Our product may be displaced by more effective medications or newer technologies.

The drug development and delivery industries are undergoing rapid and significant change. Others may succeed in developing and marketing drugs and products that are more effective than those developed or marketed by us, or that would make our product obsolete or non-competitive. Additionally, researchers could develop new delivery devices and medications that replace or reduce the importance of our products. Accordingly, our success will depend, in part, on our ability to respond quickly to medical and technological changes through the development and introduction of new products. Currently, we do not have the financial or personnel resources to do this. If our products become obsolete and our efforts to develop new products do not result in any commercially successful products, our sales and revenues will decline.

Competitors may use legal, regulatory and legislative strategies to prevent or delay our launch of generic products.

The Hatch-Waxman Act provides for a period of 180 days of generic marketing exclusivity for each ANDA applicant that is first to file an ANDA containing a certification of invalidity, non-infringement or unenforceability related to a patent listed with respect to a reference drug product, commonly referred to as a Paragraph IV certification. During this exclusivity period, the FDA cannot grant final approval to any other Paragraph IV filer. If an ANDA containing a Paragraph IV certification is successful, it generally results in higher market share, net revenues and gross margin for that applicant for a period of time. Even if we obtain FDA approval for generic drug products, we may lose significant advantages to a competitor who was first to file an ANDA containing a Paragraph IV certification.

Competitors may also pursue legislative and other regulatory or litigation strategies to prevent or delay our launch of a generic product. These strategies include, but are not limited to: seeking to obtain new patents on drugs for which patent protection is about to expire, changing the labeling for the branded product, filing a citizen petition with the FDA, pursuing state legislative efforts to limit the substitution of generic versions of brand pharmaceuticals, filing patent infringement lawsuits that automatically delay FDA approval of many generic products, introducing a second generation product prior to the expiration of market exclusivity for the first generation product which may reduce demand for a generic first generation product, and obtaining market exclusivity extensions by conducting pediatric trials of brand drugs.

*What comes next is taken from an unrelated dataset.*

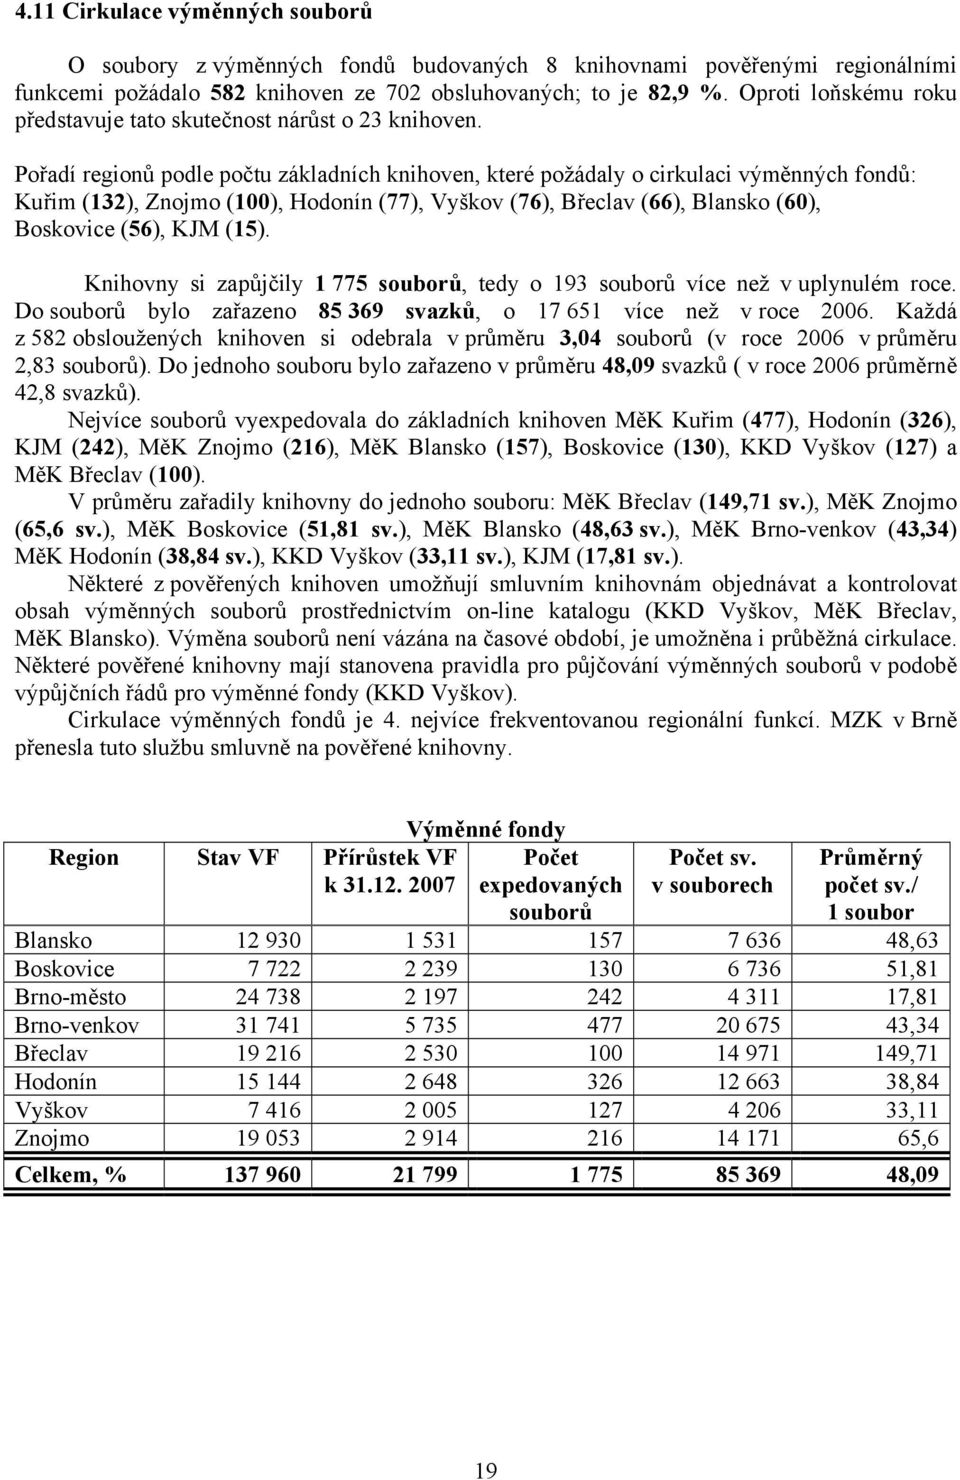 Pořadí regionů podle počtu základních, které požádaly o cirkulaci výměnných fondů: Kuřim (132), Znojmo (100), Hodonín (77), Vyškov (76), Břeclav (66), Blansko (60), Boskovice (56), KJM (15).
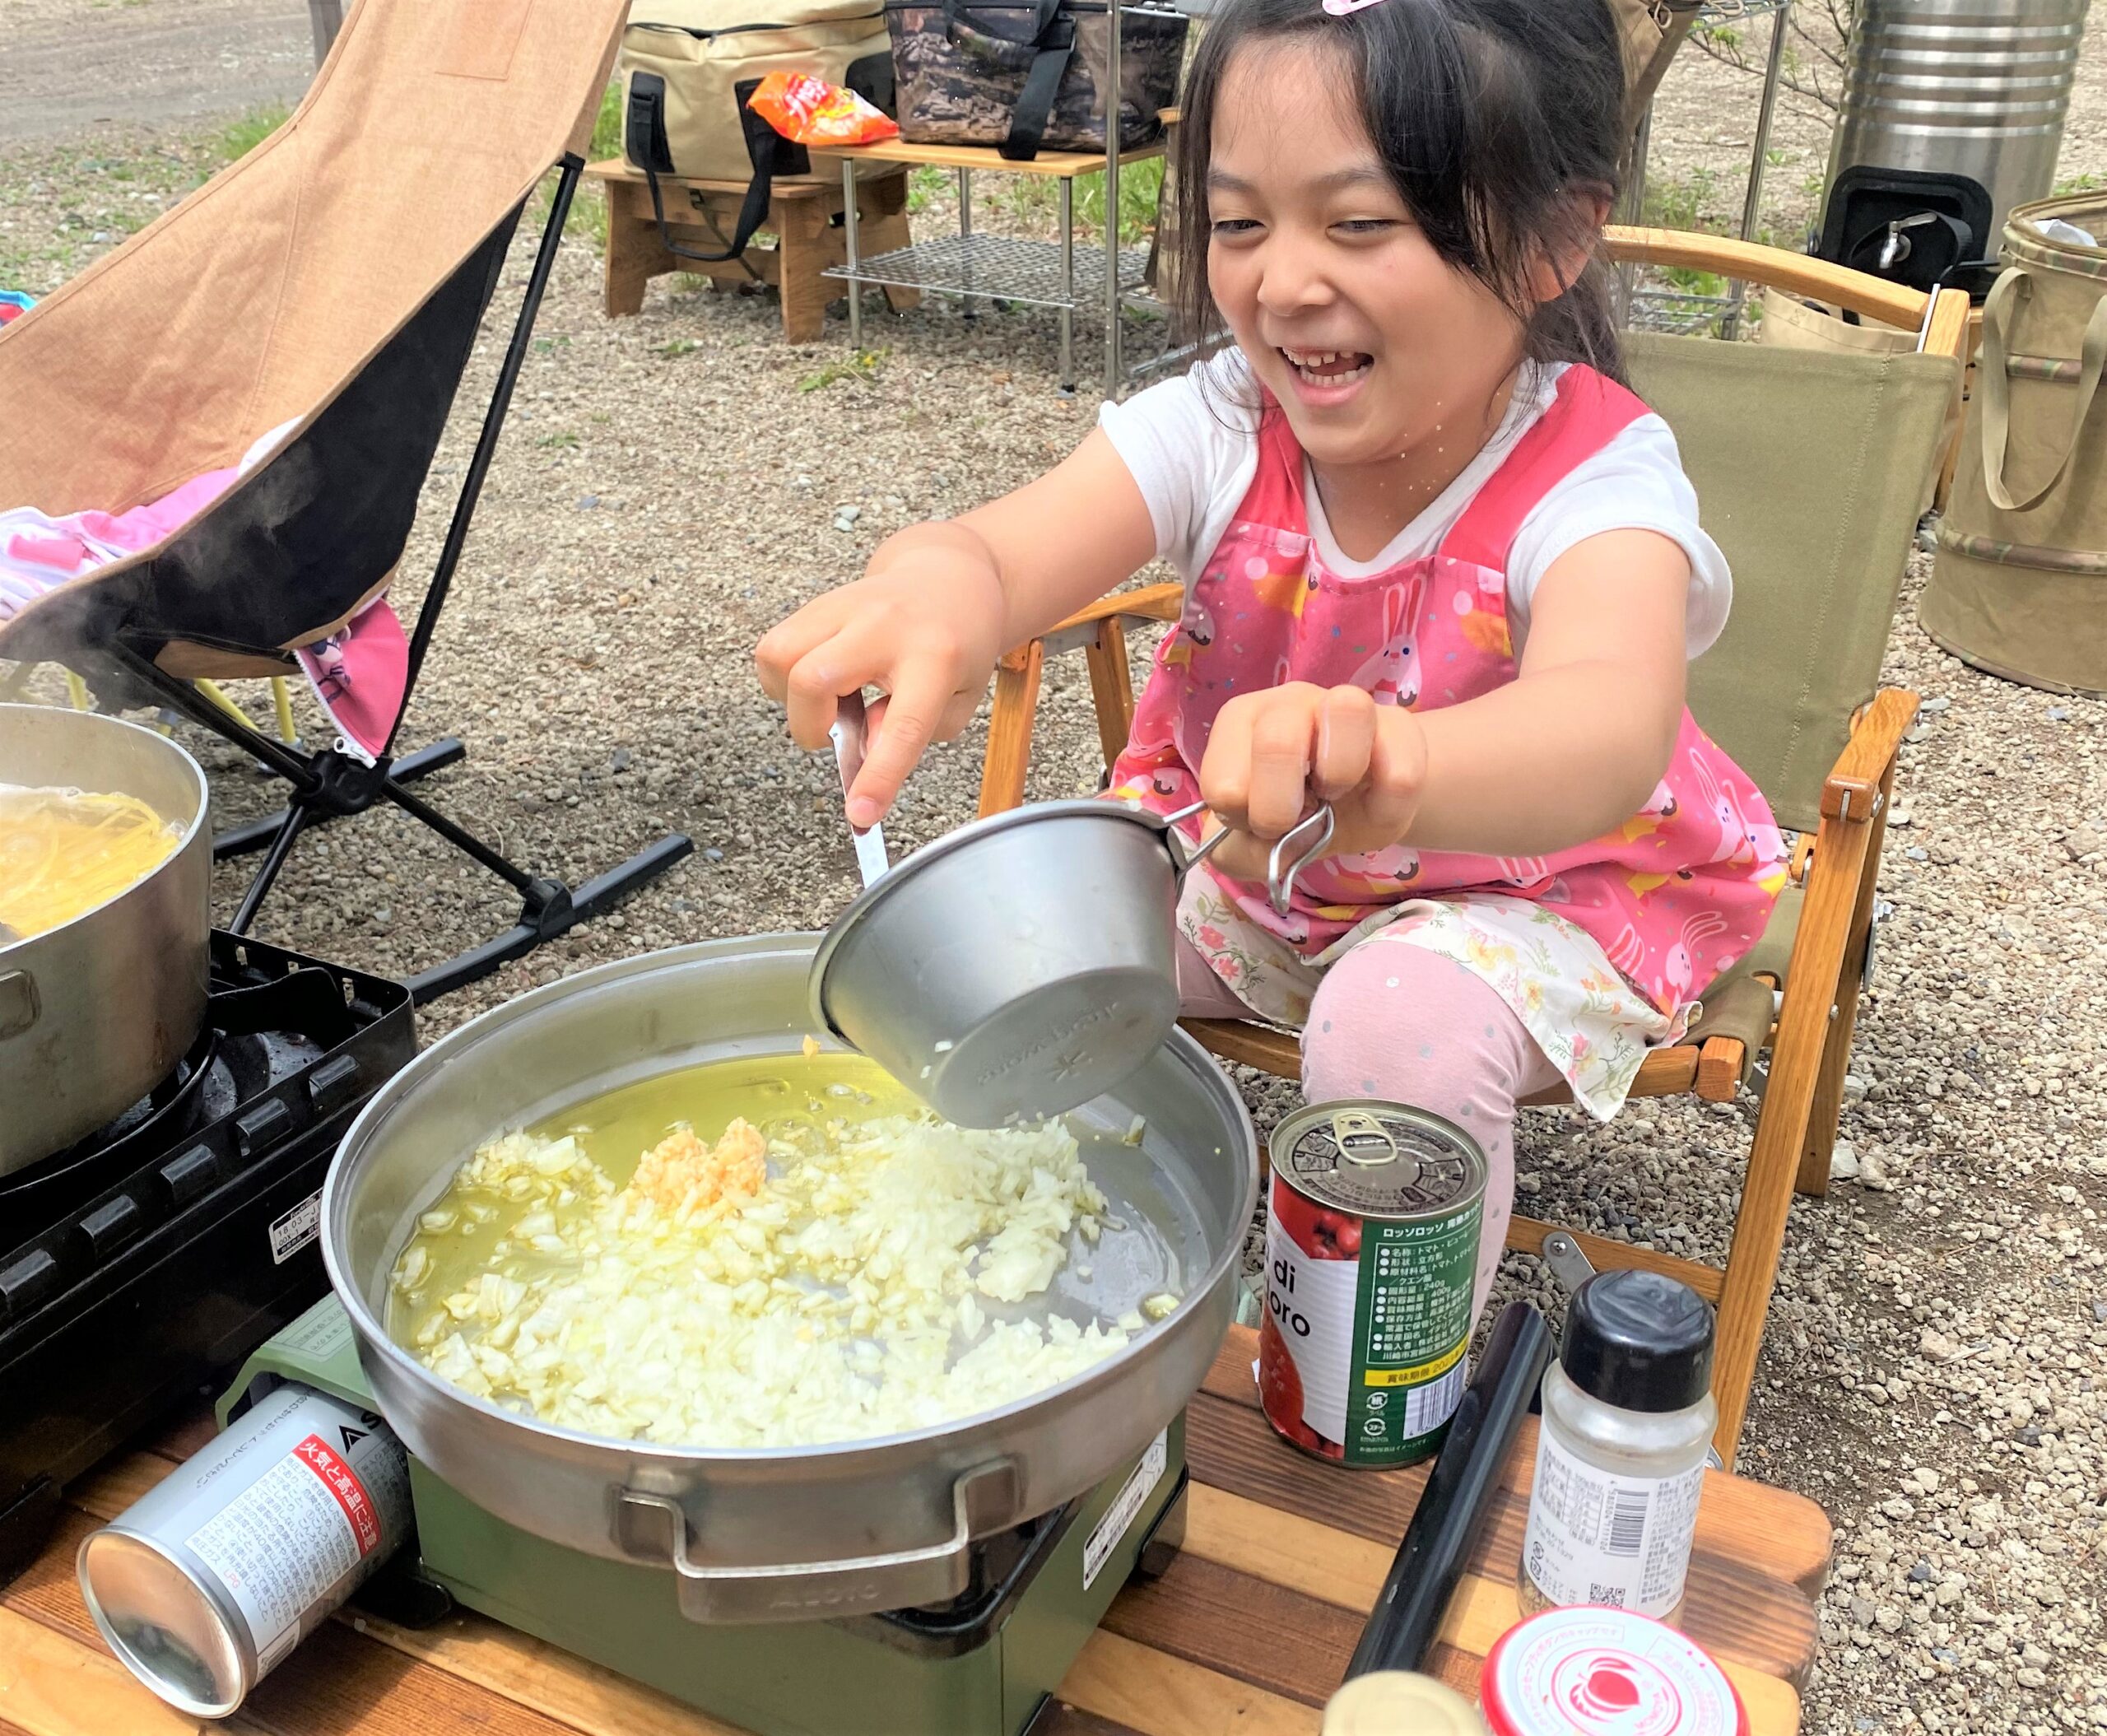   子どもが好きなら“普通の料理”でも記憶に残る!? 「食育」の機会にするキャンプ料理

Unfavorable pricing regulations, third-party reimbursement practices or healthcare reform initiatives applicable to our product could limit our potential product revenue.

The healthcare industry is undergoing fundamental changes resulting from political, economic and regulatory influences. In the United States, comprehensive programs have been proposed that seek to increase access to healthcare for the uninsured, control the escalation of healthcare expenditures within the economy and use healthcare reimbursement policies to balance the federal budget.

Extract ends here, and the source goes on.